$f(x)=x^n,n\in\mathbb{N}$, exists unique $a$ s.t. $a^n=b$

Let $(\mathbb{R},d_2)$ be a metric space, and let $f:\mathbb{R}\rightarrow\mathbb{R}$ be given by $f(x)=x^n$ for $n\in\mathbb{N}$. If $b\in\mathbb{R_+}$, show that there exists a unique $a\in\mathbb{R_+}$ such that $a^n=b$.

Attempt at a proof:

By the Intermediate Value Theorem, since $\mathbb{R}$ is connected $\implies I=f(\mathbb{R})$ is an interval in $\mathbb{R}$. If $b\in f(\mathbb{R})$, $\exists a\in\mathbb{R}:f(a)=b$. So IVT implies existence, now I have to show uniqueness. Let $a,a'\in\mathbb{R_+}$: $f(a)=f(a')=(a')^n=b$. This is where I run into some trouble. I need to show that my assumptions above result in the fact that $a=a'$.

• Hint: $f$ is increasing on $\mathbb R_+$. – Thomas Andrews Feb 24 '12 at 2:54
• When I drew it out I saw as much -- how do I prove it, though? I don't think proof by picture is sufficient (: – Emir Feb 24 '12 at 2:59
• Prove it via induction on $n$. – Thomas Andrews Feb 24 '12 at 3:08
• Bizarre.
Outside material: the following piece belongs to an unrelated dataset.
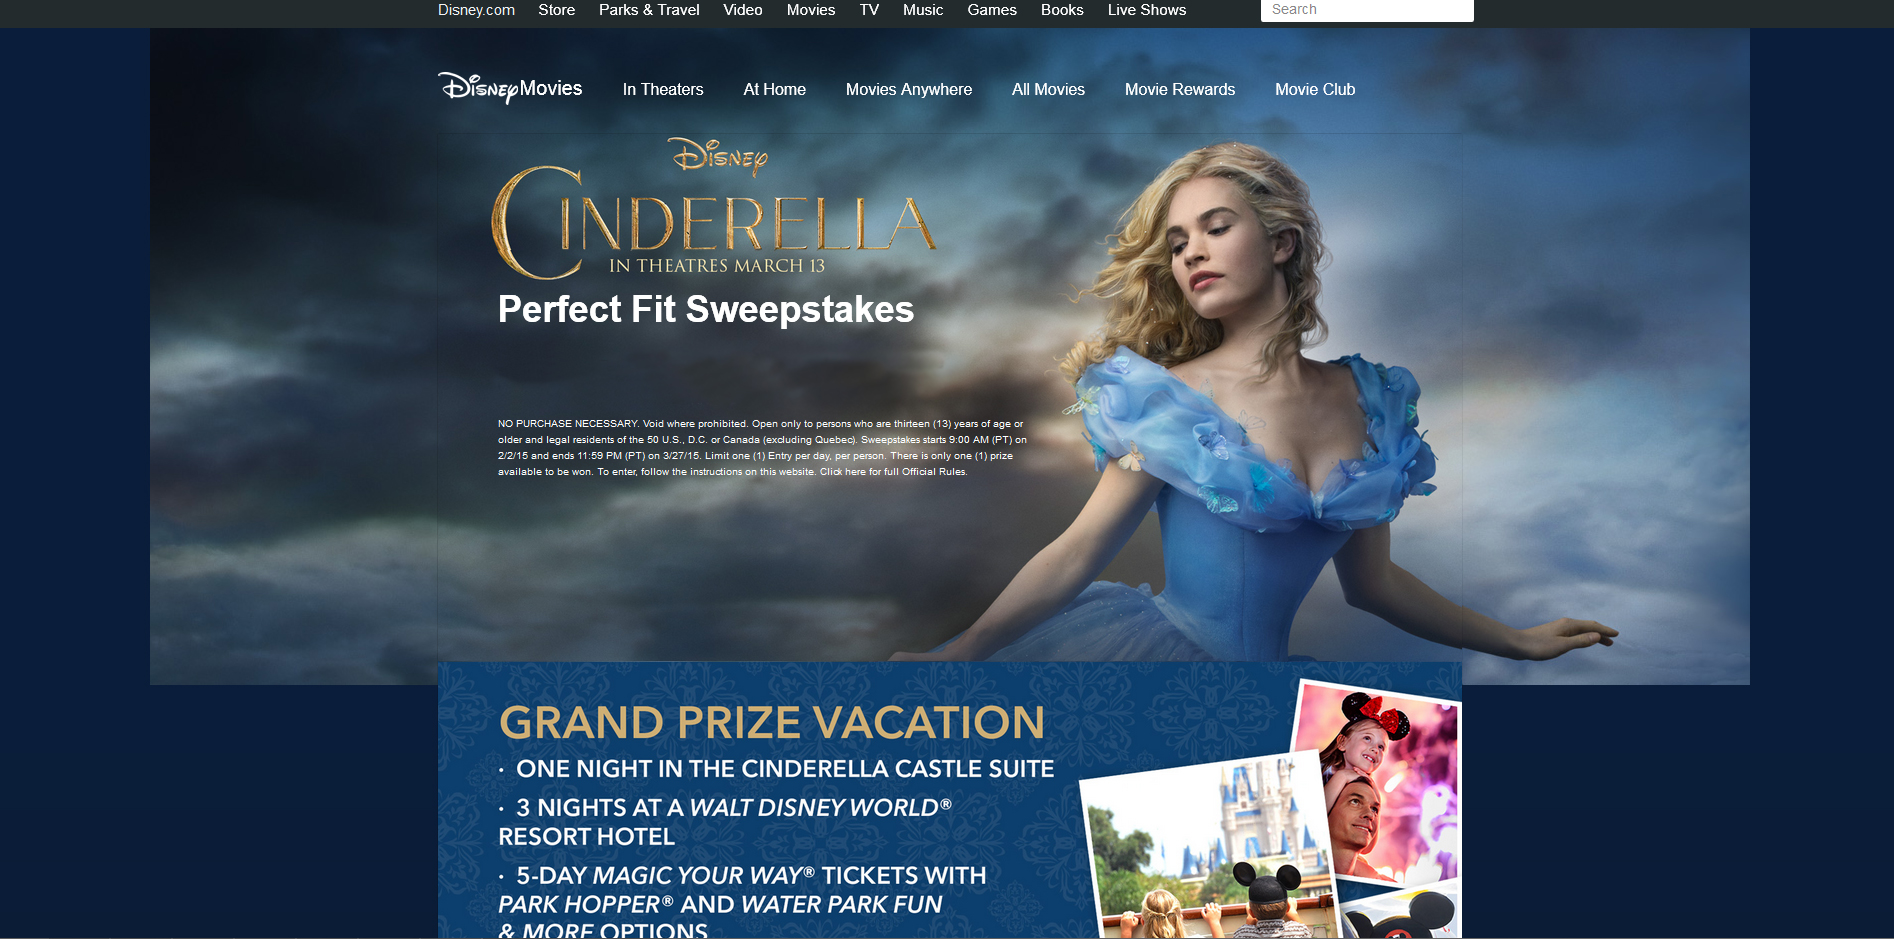 Disney's Cinderella Perfect Fit Sweepstakes

What does $d_2$ have to do with anything? What does this have to do with metric spaces? In fact, the entire first sentence, including the definition of $f$, seems to be irrelevant (except for the part about $n$ being a natural number). – Gerry Myerson Feb 24 '12 at 3:59
• I'm using an alternative definition of IVT that involves a connceted subset of a metric space, so I guess that's why the question is worded like that. – Emir Feb 24 '12 at 20:40

Note that the function $x^n$ is strictly monotone on $\mathbb{R_{+}}$ particularly is injective.
(If $0\leq x<y$ then $0\leq x^n<y^n$, you show that by induction on $n$).